We overhauled the optimizer APIs, introducing breaking changes. There are tons of renaming, and we try to increase the flexibility. Making it decouples from some high-level, so user can use it without understand some detail implementations of fit!.

See #396.

  • All the keyword argument of optimizers have been renamed. Now we have more elegant keyword arguments than Python‘s, thanks to well Unicode support on Julia’s REPL and editor plugin. These are breaking changes, no deprecation warning.
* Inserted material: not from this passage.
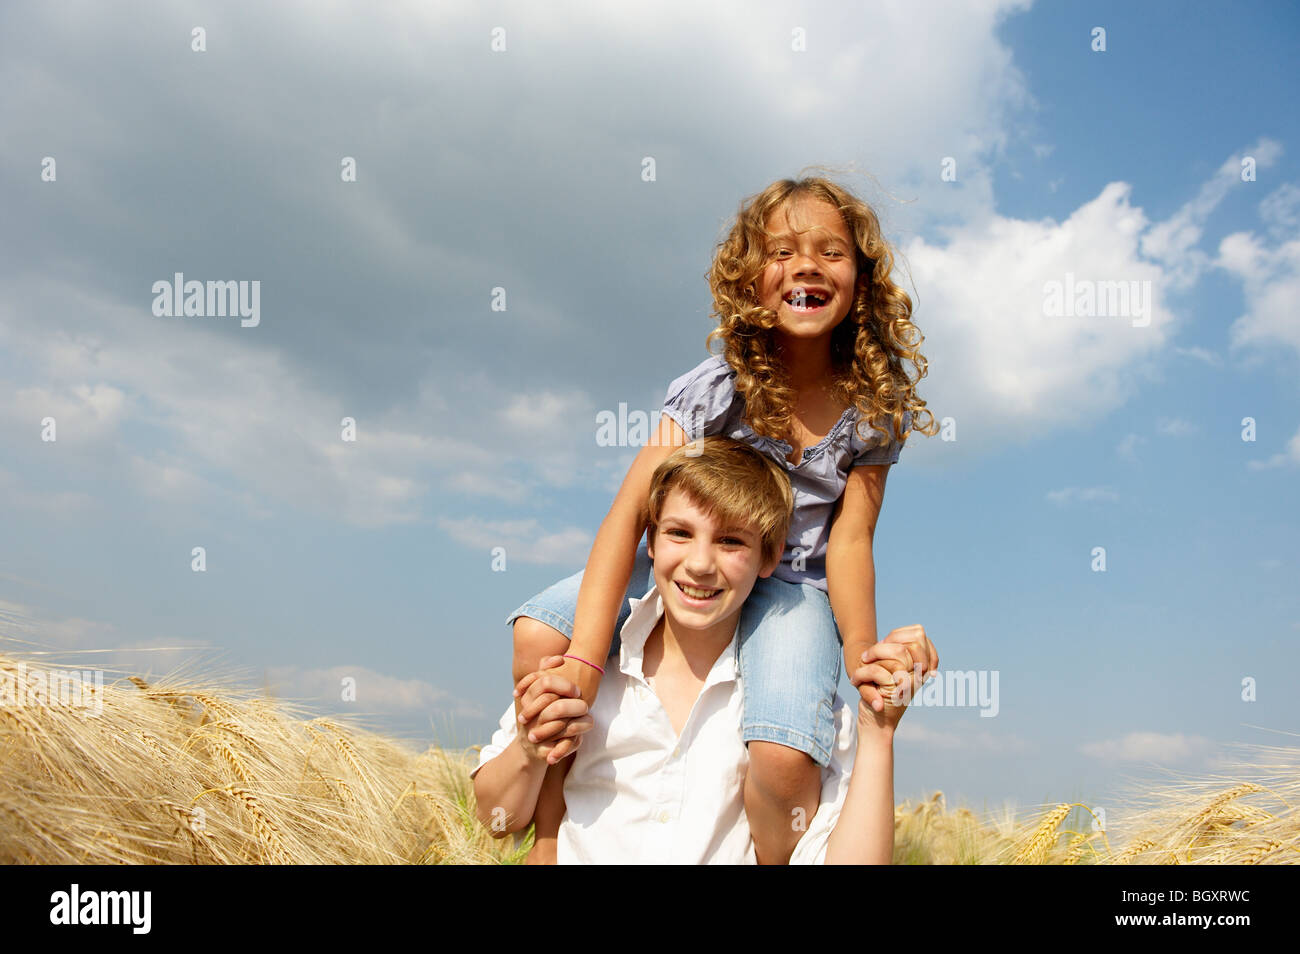 Bruder und Schwester in einem Weizenfeld Stockfoto

    | old | new | comment | |---------------------------|-----------|--------------------------------| | opts.lr | η | type \eta<tab> in REPL | | opts.momentum | μ | type \mu<tab> in REPL | | opts.grad_clip | clip | type \nabla<tab>c in REPL | | opts.weight_decay | λ | type \lambda<tab> in REPL | | opts.lr_schedular | η_sched | type \eta<tab>_sched in REPL | | opts.momentum_schedular | μ_sched | type \mu<tab>_sched in REPL |

    For instance, one accessed the learning via SGD().opts.lr, but now, it's SGD().η.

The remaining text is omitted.